[RECORDS SUPPLIED]:
--- START ---

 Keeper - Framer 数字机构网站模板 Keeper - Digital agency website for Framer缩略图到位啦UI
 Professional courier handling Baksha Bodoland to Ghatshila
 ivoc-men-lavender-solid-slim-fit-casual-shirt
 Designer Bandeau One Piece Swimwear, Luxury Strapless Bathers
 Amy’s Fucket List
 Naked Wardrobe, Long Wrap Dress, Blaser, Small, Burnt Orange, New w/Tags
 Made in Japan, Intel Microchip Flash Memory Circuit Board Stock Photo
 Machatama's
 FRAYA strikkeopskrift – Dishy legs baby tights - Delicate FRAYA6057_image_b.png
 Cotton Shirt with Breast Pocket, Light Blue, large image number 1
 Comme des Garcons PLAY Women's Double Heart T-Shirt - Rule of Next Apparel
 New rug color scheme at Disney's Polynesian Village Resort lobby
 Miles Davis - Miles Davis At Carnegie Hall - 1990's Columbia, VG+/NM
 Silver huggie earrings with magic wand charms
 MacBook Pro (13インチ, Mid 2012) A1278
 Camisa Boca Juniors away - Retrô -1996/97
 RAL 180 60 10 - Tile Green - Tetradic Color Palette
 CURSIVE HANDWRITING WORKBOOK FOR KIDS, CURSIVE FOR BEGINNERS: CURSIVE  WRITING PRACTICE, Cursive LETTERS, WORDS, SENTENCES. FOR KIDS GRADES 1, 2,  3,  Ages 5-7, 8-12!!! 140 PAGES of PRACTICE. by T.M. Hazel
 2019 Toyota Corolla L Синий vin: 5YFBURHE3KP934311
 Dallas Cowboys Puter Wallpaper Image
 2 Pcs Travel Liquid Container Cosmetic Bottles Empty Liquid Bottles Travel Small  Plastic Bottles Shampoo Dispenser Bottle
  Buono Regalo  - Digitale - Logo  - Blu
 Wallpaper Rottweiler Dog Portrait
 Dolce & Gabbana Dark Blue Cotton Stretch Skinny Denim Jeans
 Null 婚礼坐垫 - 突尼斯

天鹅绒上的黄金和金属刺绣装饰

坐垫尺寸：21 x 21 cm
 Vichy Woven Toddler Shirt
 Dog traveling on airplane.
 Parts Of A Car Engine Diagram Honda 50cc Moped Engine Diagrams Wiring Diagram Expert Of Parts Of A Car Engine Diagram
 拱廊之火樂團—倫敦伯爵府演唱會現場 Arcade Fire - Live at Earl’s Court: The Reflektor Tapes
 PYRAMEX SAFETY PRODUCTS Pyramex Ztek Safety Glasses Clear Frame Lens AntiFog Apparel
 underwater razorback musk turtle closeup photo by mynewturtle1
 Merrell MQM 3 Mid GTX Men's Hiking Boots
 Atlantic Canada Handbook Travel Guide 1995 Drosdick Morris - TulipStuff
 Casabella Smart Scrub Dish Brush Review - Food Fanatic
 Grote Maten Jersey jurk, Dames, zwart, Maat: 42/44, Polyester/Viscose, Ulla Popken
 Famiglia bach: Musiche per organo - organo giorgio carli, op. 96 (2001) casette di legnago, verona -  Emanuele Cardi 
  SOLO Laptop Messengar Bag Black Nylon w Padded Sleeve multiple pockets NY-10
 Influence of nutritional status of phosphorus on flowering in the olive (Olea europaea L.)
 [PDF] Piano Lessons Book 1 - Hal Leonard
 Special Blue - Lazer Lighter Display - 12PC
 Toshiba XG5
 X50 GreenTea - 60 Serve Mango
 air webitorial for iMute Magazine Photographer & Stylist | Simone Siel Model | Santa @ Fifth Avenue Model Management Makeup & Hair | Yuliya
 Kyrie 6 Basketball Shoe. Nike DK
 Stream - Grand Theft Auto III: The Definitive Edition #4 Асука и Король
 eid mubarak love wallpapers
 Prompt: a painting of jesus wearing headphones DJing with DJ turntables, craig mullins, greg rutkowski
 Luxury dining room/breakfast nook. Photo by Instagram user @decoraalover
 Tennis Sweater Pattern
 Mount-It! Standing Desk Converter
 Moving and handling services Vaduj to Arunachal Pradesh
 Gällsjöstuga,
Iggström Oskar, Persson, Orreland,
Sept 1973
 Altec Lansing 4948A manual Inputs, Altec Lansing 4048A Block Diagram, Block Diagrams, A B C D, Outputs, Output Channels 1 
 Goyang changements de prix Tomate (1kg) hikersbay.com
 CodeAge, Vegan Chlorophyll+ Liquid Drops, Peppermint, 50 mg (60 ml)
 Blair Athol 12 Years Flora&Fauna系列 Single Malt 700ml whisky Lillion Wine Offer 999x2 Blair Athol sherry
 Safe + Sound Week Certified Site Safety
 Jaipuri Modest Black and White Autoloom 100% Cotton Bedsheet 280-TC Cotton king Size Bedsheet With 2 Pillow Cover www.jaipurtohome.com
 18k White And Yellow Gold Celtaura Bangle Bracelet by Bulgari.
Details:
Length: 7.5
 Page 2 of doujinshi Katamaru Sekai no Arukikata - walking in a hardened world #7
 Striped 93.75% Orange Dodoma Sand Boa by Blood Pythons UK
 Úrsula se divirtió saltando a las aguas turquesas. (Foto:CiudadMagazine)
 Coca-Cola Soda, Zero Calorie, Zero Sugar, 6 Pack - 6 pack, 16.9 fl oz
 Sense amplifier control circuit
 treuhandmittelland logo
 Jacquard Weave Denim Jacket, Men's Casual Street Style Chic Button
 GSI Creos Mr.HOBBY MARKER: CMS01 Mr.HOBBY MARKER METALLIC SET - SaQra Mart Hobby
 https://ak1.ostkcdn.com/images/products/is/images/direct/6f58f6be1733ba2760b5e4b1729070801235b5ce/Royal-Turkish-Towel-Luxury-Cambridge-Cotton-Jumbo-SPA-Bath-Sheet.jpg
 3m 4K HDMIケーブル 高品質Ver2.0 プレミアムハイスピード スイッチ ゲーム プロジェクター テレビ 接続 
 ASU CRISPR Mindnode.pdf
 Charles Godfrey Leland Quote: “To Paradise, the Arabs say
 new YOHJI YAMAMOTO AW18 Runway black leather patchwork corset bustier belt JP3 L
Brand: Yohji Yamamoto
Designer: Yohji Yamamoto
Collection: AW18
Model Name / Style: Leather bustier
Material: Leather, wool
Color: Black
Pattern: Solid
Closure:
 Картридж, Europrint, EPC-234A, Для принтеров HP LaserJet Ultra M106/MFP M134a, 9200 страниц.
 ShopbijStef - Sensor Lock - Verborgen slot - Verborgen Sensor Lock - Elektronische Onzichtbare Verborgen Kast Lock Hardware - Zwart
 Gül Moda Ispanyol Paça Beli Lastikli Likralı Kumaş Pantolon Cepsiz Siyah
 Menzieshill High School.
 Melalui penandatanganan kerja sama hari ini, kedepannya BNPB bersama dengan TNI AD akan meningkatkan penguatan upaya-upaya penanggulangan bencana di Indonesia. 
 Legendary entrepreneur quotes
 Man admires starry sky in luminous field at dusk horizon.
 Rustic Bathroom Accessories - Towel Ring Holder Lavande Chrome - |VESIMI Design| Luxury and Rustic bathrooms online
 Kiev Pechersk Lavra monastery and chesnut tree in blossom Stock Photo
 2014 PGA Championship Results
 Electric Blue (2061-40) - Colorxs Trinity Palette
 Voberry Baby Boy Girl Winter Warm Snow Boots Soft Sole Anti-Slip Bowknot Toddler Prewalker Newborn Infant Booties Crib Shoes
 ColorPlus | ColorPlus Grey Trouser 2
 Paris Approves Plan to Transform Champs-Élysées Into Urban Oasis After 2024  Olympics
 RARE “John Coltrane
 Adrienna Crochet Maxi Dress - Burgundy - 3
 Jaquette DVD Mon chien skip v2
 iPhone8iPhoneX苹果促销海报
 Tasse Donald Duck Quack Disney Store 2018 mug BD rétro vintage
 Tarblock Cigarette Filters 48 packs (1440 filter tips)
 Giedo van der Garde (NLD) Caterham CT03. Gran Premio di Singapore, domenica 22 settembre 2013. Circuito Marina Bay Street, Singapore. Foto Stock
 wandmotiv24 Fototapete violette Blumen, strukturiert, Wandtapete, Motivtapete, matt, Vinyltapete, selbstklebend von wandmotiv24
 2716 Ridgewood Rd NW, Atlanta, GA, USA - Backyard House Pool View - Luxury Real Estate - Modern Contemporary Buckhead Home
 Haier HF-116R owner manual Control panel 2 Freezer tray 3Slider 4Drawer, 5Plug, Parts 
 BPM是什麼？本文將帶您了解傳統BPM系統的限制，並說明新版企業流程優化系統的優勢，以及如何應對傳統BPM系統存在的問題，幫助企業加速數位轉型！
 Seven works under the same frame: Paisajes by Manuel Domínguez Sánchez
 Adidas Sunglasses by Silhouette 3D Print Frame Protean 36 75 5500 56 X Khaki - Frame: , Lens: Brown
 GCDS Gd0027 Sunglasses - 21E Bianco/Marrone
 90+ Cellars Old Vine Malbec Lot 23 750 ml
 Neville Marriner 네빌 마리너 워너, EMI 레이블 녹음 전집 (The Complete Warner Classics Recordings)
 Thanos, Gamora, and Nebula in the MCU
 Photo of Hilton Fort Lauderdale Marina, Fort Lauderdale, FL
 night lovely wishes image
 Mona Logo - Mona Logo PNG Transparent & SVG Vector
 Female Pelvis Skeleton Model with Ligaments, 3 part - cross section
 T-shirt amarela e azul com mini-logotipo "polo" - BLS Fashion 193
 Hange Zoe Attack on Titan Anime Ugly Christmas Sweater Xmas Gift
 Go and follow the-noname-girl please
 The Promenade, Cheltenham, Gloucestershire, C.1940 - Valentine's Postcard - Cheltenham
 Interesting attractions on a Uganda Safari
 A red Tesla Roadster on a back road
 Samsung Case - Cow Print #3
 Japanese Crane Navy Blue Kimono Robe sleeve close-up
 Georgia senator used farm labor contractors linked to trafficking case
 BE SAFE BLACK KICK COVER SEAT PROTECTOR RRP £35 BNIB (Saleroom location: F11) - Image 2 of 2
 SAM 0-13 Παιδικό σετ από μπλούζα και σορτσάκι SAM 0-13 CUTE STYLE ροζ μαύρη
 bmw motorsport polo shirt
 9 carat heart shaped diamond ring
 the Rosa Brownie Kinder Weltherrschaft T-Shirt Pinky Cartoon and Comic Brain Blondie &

--- END ---

[YOUR TASK]:
Take every line from the data that includes the word "Blue".

[COMPLETED EXERCISE]:
 Cotton Shirt with Breast Pocket, Light Blue, large image number 1
 Dolce & Gabbana Dark Blue Cotton Stretch Skinny Denim Jeans
 Special Blue - Lazer Lighter Display - 12PC
 Electric Blue (2061-40) - Colorxs Trinity Palette
 Japanese Crane Navy Blue Kimono Robe sleeve close-up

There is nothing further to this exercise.